Learning tip: The instruction "If you encounter an ambiguity not covered by the TDD, stop and list the ambiguities rather than making assumptions" is one of the most valuable instructions you can add to any code-generation prompt. It converts silent failures into explicit feedback loops.

Document Templates

Minimal AI-ready TDD structure:


## Scope
What this document covers (bullet list).

## Non-Goals
What this document explicitly does not cover (bullet list).

## Context
- Relevant existing files, functions, and types (with paths)
- System state before this change
- Dependencies and their versions

## Constraints
Numbered list of hard requirements. Each must be verifiable.

## Data Models and Interface Contracts
Exact types, schemas, and API signatures.

## Implementation Steps
Ordered list of what to build. Each step names the file and function.

## Edge Cases and Error Handling
Explicit outcomes for each non-happy-path scenario.

## Acceptance Criteria
Given/When/Then format. Each criterion is independently verifiable.
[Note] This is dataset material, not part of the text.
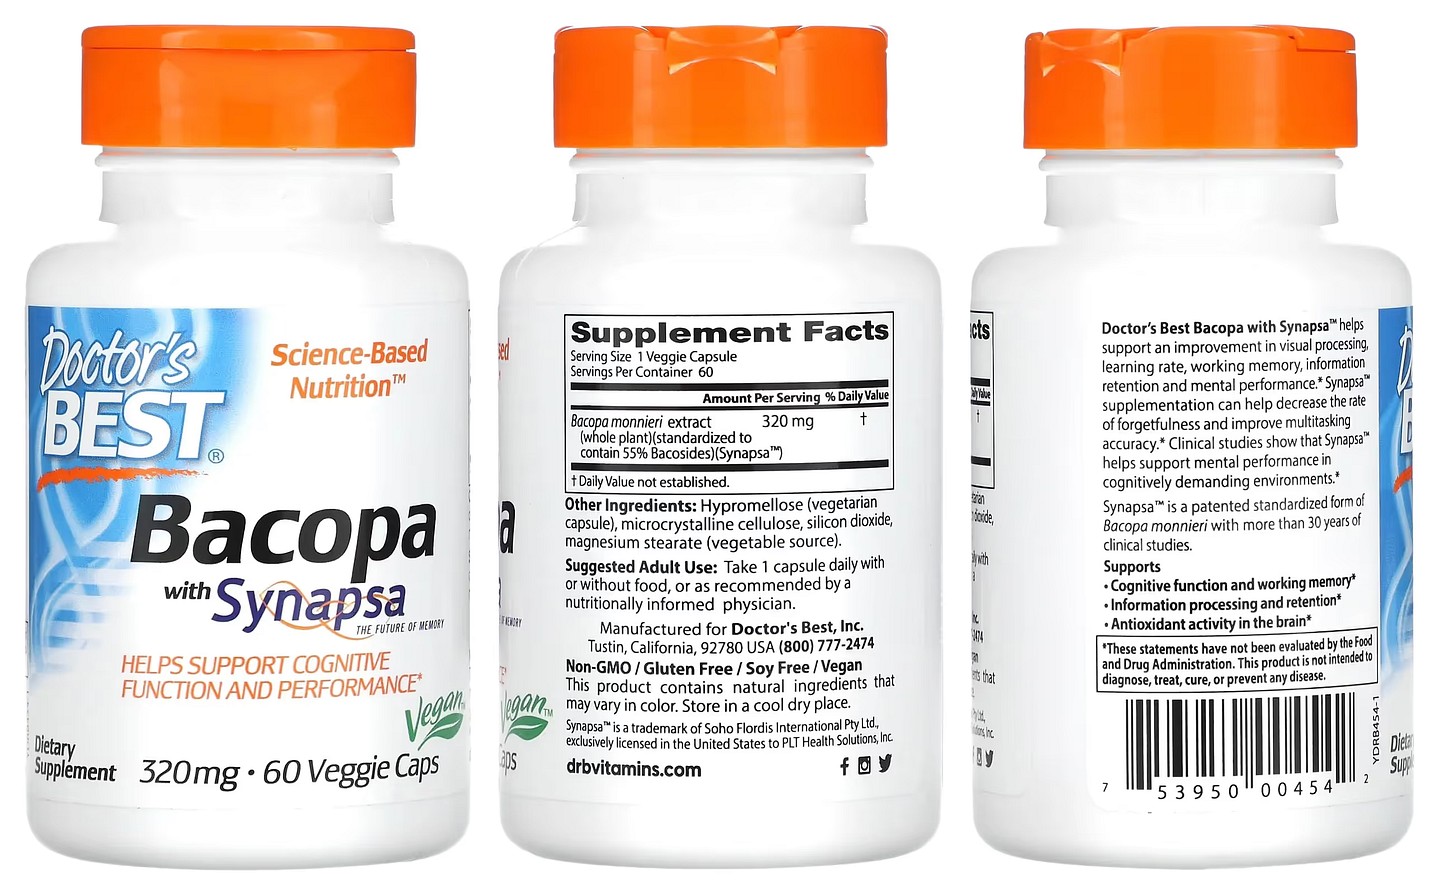 Doctor's Best, Bacopa with Synapsa packaging

Learning tip: Treat your TDD template as a checklist, not a format. Every section you skip is a decision you are delegating to the agent.

Key Takeaways

  • PRDs define what and why; RFCs define how and the tradeoffs; TDDs define the exact implementation blueprint. Use the right document type at each stage of AI-assisted development, and feed each type into the next rather than jumping directly from PRD to code.
  • AI agents execute against what is written, not what is implied. Explicit scope, concrete context, stated constraints, and precise acceptance criteria are not overhead — they are the primary mechanism for getting correct output.
  • Non-goals are instructions to stop. Without them, agents extend features into adjacent functionality, producing code that is technically impressive but functionally out of scope.
  • Common spec anti-patterns — passive voice, implicit assumptions, underspecified edge cases, and contradictory requirements — produce plausible-but-wrong code. A single read-through asking "what would an agent decide here?" catches most of them.
  • The instruction to stop and surface ambiguities rather than assume is one of the highest-leverage additions to any AI code-generation prompt. It converts silent failures into explicit information you can act on.